Золотой Век – в прошлом; в будущем – Утопия. Трезвомыслящий Томас Мор выбрал точное название для идеальной жизни – Нет-Такого-Места (u-topos). Европейцы живут Сегодня, русские живут Всегда. В России никогда не было Золотого Века, ибо Византия погрузилась в него, как град Китеж, не оставив нам места в заветном, но оставшемся получужим для нас европейском Вчера…
Рай – это град, сад, небо.
Памятью мы возвращаемся в свои города и городки, в вечноцветущие и щедро плодоносящие сады, безмятежно раскинувшиеся под небесами нашего детства, населенного птицами, облаками и ангелами. Возвращаемся с тайной надеждой начать жизнь сначала, хотя и понимаем, что это желание, свидетельствующее лишь об остатках незрелости в нас самих, неосуществимо. Отойдя на десять шагов от придорожного камня и тотчас вернувшись, вы найдете другой камень. Нельзя ничего начать с чистого листа, ибо все они покрыты незримой тайнописью, независимо от нас созданной нашей же жизнью, и любое новое слово, любая новая фраза, начертанная на таком чистом листе, мгновенно впитает в себя химию тайнописи и помимо нашей воли изменится под влиянием неодолимой магии прожитого и того, что предстоит прожить.
Мы властны изменить лишь измененное.
Окутанный едким паром поезд с вялым скрежетом остановился у перрона, вымощенного мелкими черно-лиловыми каменными кубиками, и из первого вагона на землю спрыгнула молодая женщина в летнем костюмчике, туфлях на высоченных каблуках и широкополой белой шляпе с полуживым плоским цветком на тулье.
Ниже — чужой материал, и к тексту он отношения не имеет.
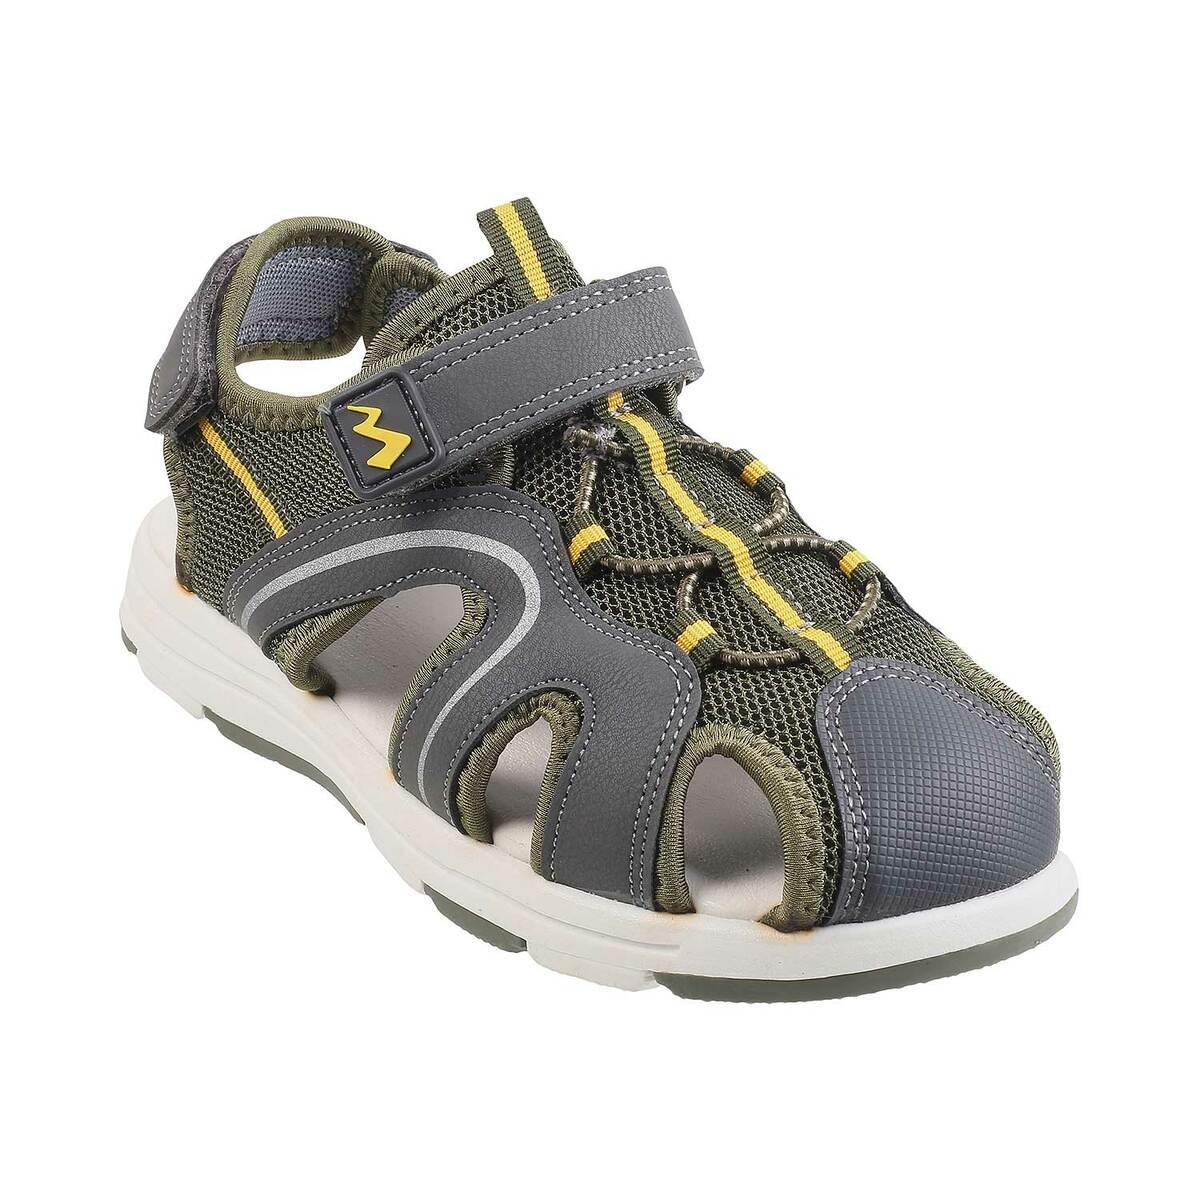 Summer Baby Sandals Infant Boys Soft sole Non-Slip First Walkers Shoes Kids  Water Shoes - Walmart.com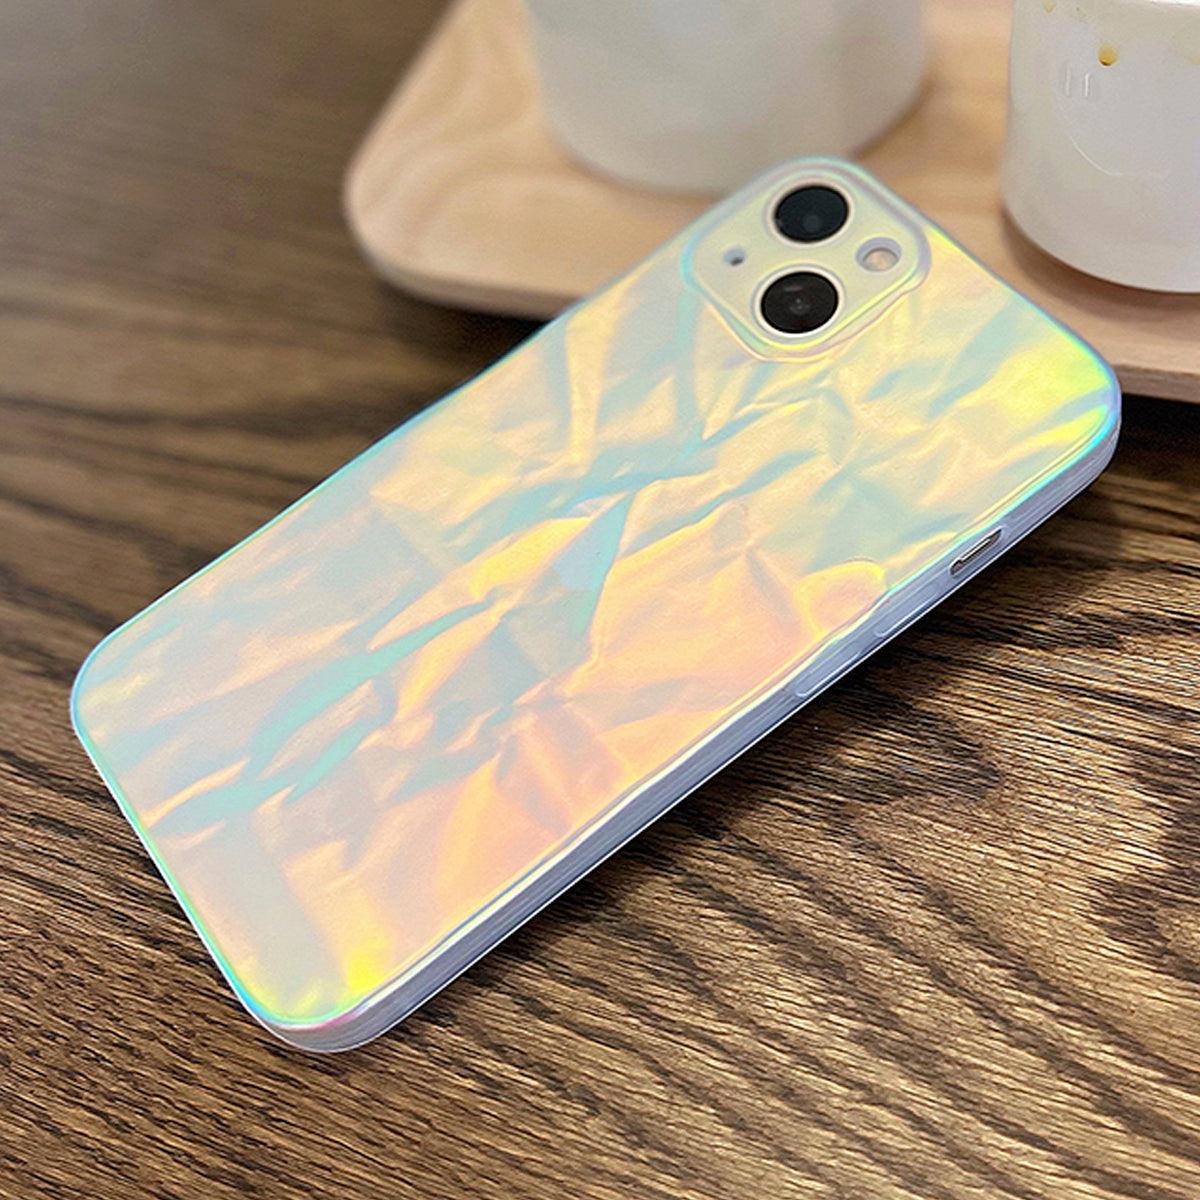 Holographic Foil Ethereal iPhone Case - Aesthetic Clothes Shop

В руках у нее была сумочка и перчатки – в правую она сунула коричневый прямоугольник билета, на котором было выбито «Саратов – Велау». Она уехала из старой жизни, в которой остались – память детства – лениво плывущие по Волге плоты, накрытые шапками из маслянисто блестевших мух, облепивших тела жертв Великого Голода; учеба в юридическом институте имени товарища Курского и многотысячное факельное шествие в ночь принятия Сталинской Конституции; офицерские погоны следователя прокуратуры, который с утра до вечера барахтался в бумажном море дезертирских дел, не ведая, что за стеной коллеги избивают на допросах Вавилова, а взлетающие над Елшанкой самолеты родились в шарашках, где отбывали срок враги народа вроде лидера фашистско-монархической партии Туполева; наконец запоздалое публичное отречение от мужа – врага народа, которое не спасло ее от изгнания из органов военной юстиции…
Она приехала в новую жизнь, где еще пылили под ветрами с моря развалины Восточной Пруссии и трое рабочих, взгромоздившись на шаткие лестницы, сбивали с фасада станционного здания имя городка, обозначенное на ее билете, – Wehlau. Приехала в город без имени. В город Нет-Такого-Места.
– Как же он будет называться? – спросила она вечером у институтской подруги, позвавшей ее в новую жизнь. – Где-То?
Муж подруги, подполковник, назначенный начальником бумажной фабрики, с улыбкой пожал плечами:
– Это не имеет значения, Зоя. Но Где-То – имя нерусское. Самое подходящее для России название – Когда-Нибудь. На худой конец – Как-Нибудь.